On peut retracer l’histoire du hoodie jusqu’à son ancêtre, déjà porté à l'ère de la Grèce Antique. À l’époque, il s’agit d’un capuchon ou d’une large pièce capuchonnée qui protège des éléments. Dans la culture populaire, il est représenté autant pour dissimuler le visage d’une femme qui part à la recherche de son amant que comme symbole de la Faucheuse, personnification de la mort. Une aura ambiguë qu'il a transmis à sa version moderne.

Pull en coton et à capuche parfois équipé d’une poche kangourou, le hoodie tel qu'on le connaît aujourd'hui est apparu pour la première fois dans les années 30. Lancé par la marque qu’on appelle désormais Champion, il est créé à destination des sportifs avant d’être rapidement adopté par les travailleurs manuels américains. Et c'est en partie grâce aux amourettes lycéennes qu’il se propage dans le lifestyle américain, les joueurs des équipes sportives des établissements offrant souvent leurs sweats à leurs copines.

Une pièce emblématique des sous-cultures

C’est fin des années 70, début des années 80 que le hoodie prend un véritable essor. Adopté par la culture hip-hop, il devient un élément de style pour les rappeurs, Bboys et graffeurs. Ce qui leur plait dans ce vêtement ? Son confort qui les laisse libres de leurs mouvements mais aussi sa capuche qui leur confère l’anonymat nécessaire à leurs activités illicites comme le graffiti, qui recouvre à l’époque les rues et rames de métros de New York.

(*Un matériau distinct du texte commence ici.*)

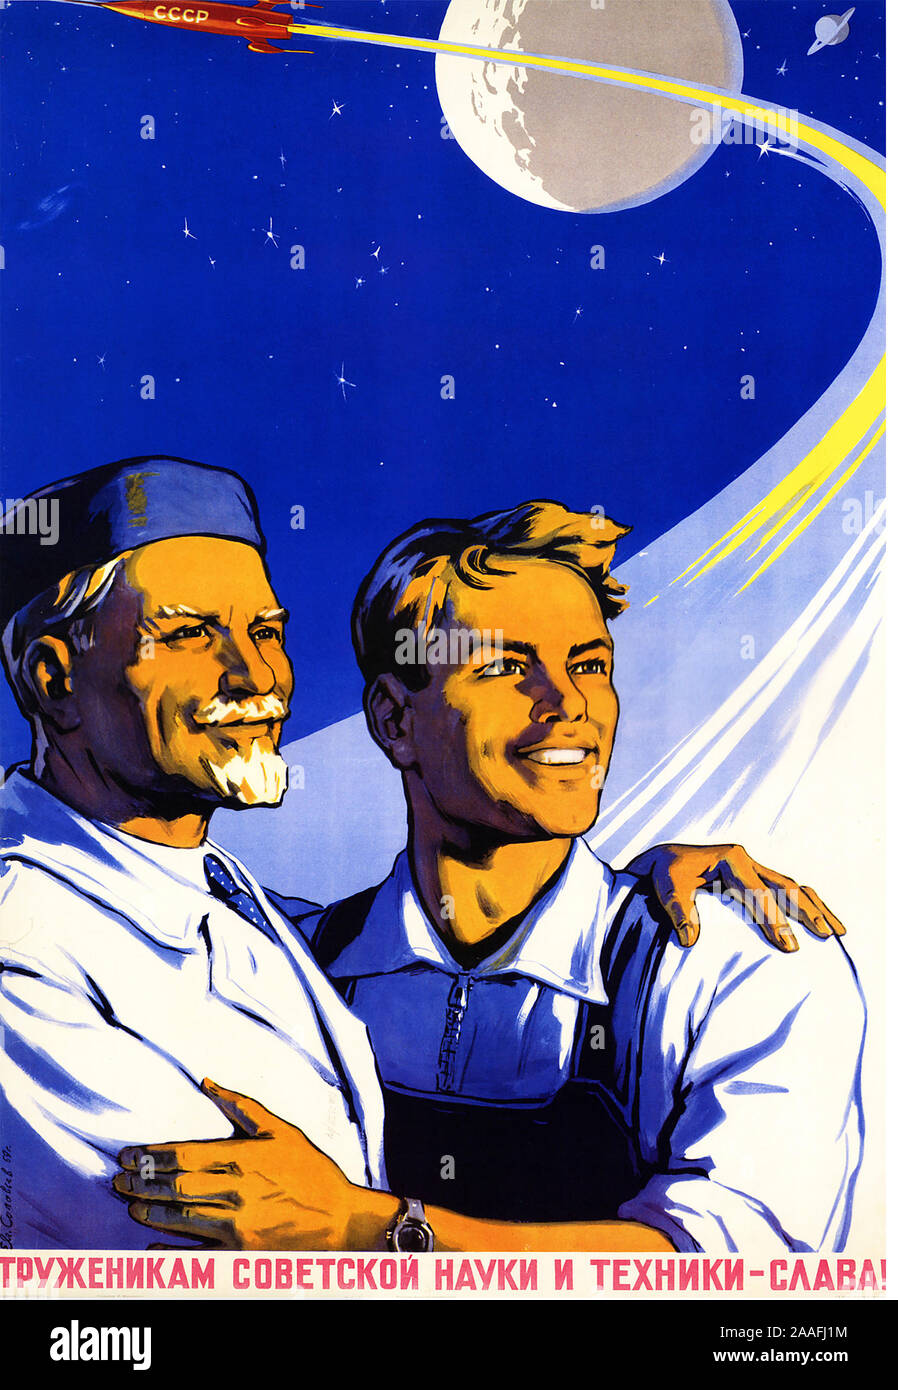 Pour LES TRAVAILLEURS DE LA SCIENCE ET DE LA TECHNOLOGIE soviétique ! Affiche soviétique vers 1968 Banque D'Images

Plus ou moins à la même époque, ce sont les skateurs qui l’adoptent. De New York à Los Angeles, ils sont eux aussi rejetés par la société et de ce fait traqués par la police et les habitants. L’activité étant illégale, les skateurs de l’époque partent en quête d’endroits où skater tranquillement, parfois dans la rue et d’autres sur des chantiers. À Los Angeles, les Z-boys utilisent eux aussi le hoodie pour masquer leur identité lorsqu’ils vont skater dans les piscines vides des maisons de Santa Monica.

Garder l’anonymat

Une association aux contre-cultures qui permet au hoodie de rencontrer un public plus large mais qui est aussi la raison pour laquelle le vêtement en question provoque chez beaucoup une certaine méfiance. Vu de l’extérieur, le hoodie dissimule le visage de celui qui le porte répandant dès lors le malaise, parfois même à l’insu de celui qui le porte, dans une pièce ou un lieu public.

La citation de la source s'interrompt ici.